BEGIN Data excerpt

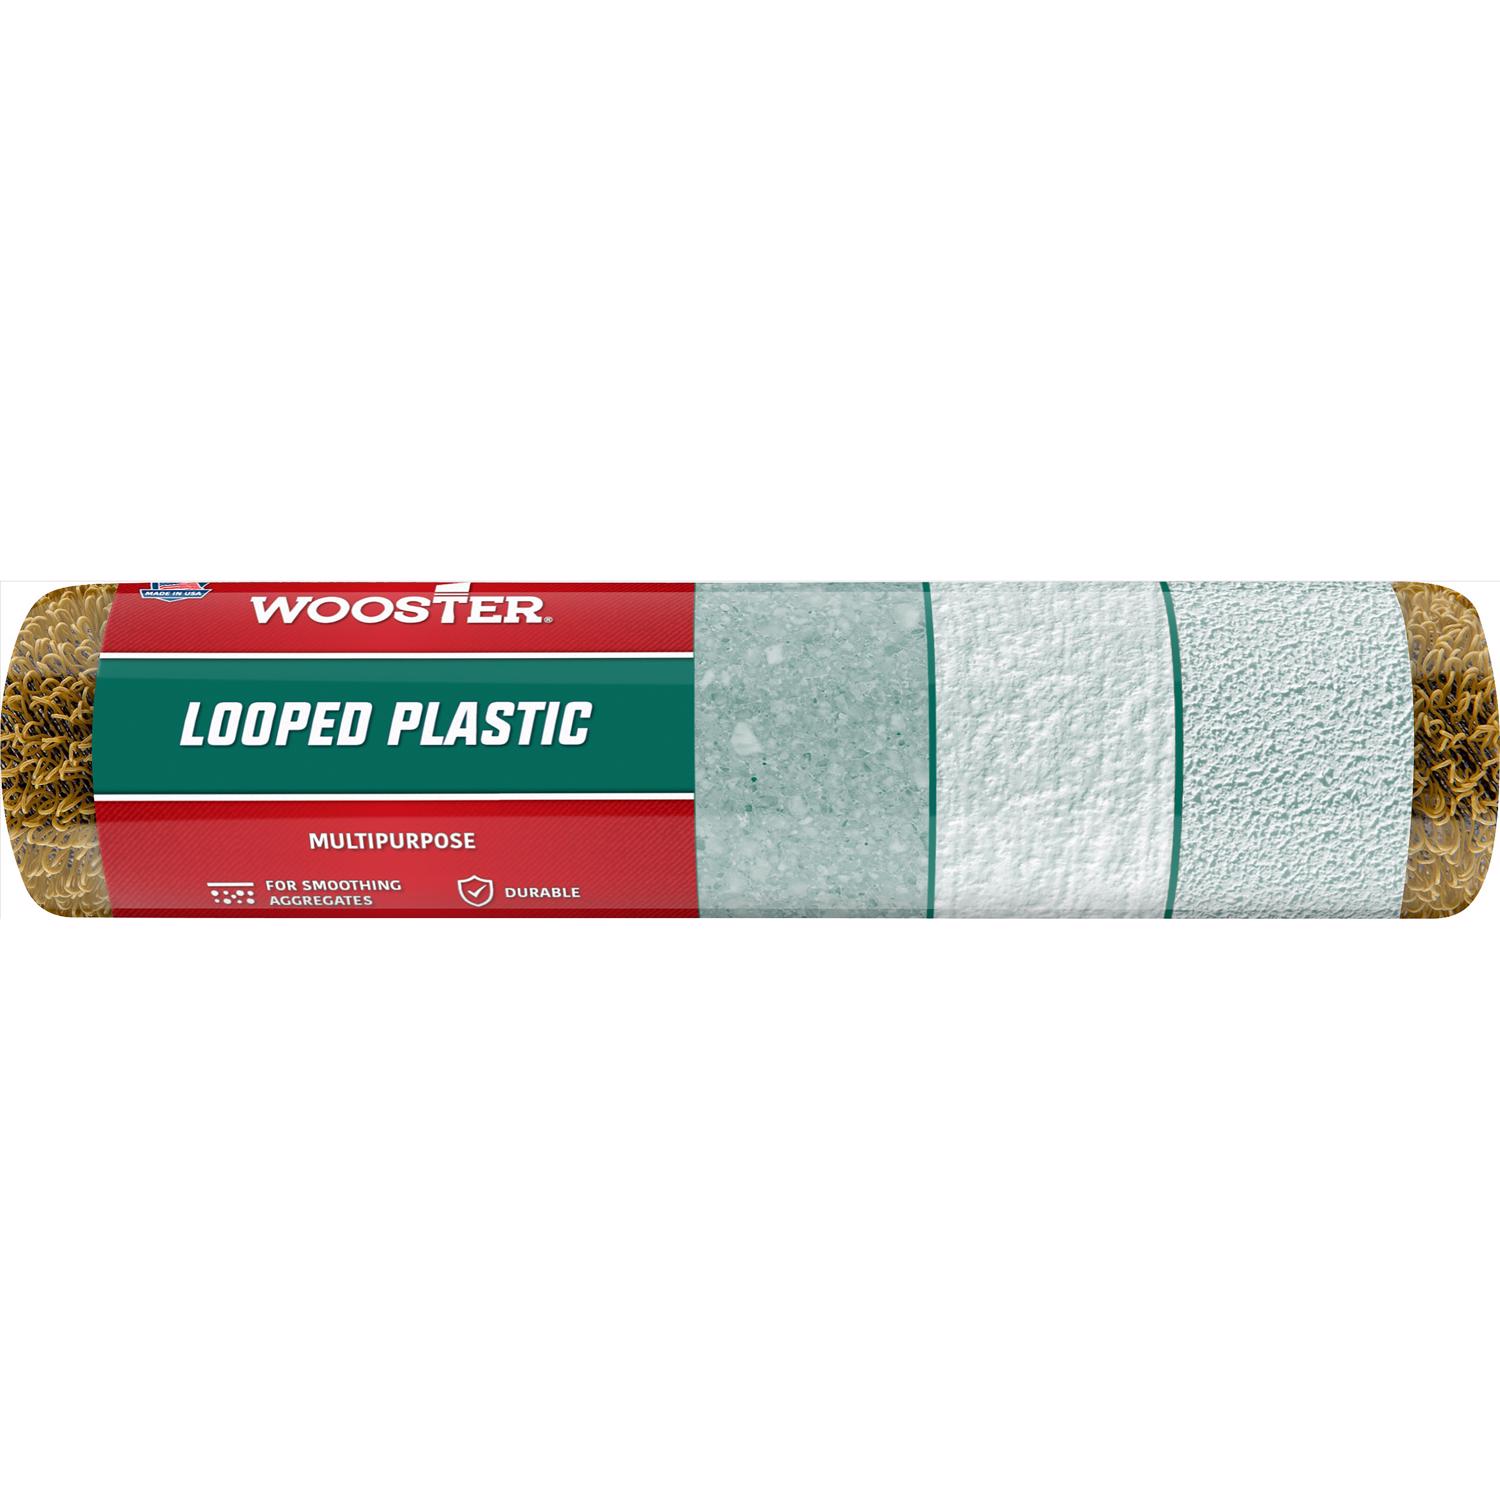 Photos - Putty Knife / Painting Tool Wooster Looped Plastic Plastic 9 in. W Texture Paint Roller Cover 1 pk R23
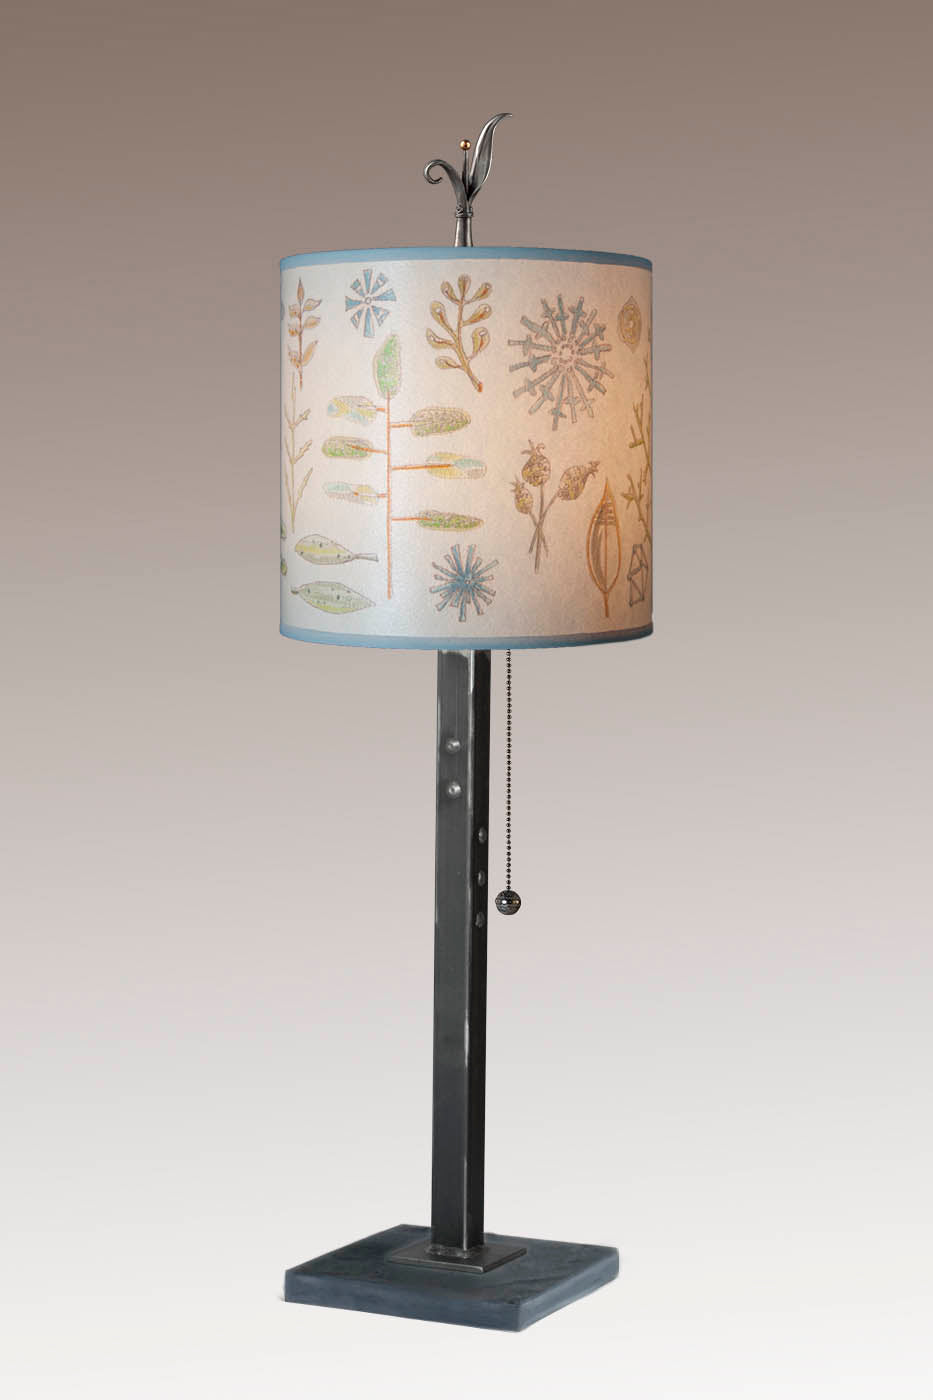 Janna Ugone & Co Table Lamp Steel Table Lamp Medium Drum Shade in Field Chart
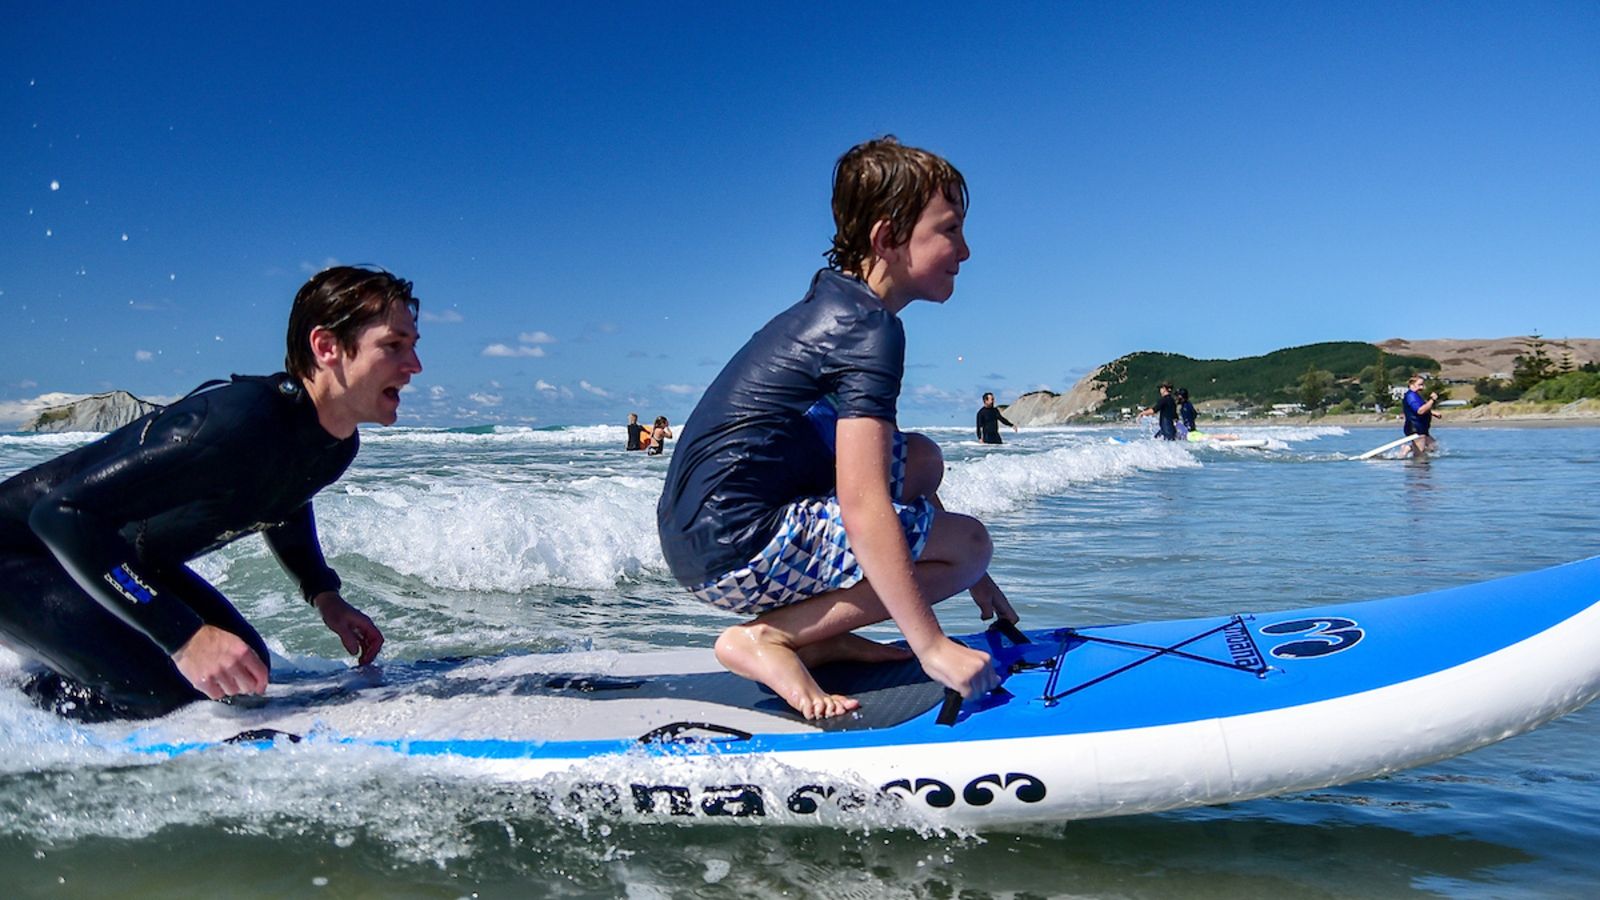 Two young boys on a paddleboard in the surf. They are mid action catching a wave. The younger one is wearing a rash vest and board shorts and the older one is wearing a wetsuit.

END Data excerpt

Task objective: Your response must consist of the material above, reproduced word for word, with the images omitted.

Expected answer:
 Photos - Putty Knife / Painting Tool Wooster Looped Plastic Plastic 9 in. W Texture Paint Roller Cover 1 pk R23
 Janna Ugone & Co Table Lamp Steel Table Lamp Medium Drum Shade in Field Chart
 Two young boys on a paddleboard in the surf. They are mid action catching a wave. The younger one is wearing a rash vest and board shorts and the older one is wearing a wetsuit.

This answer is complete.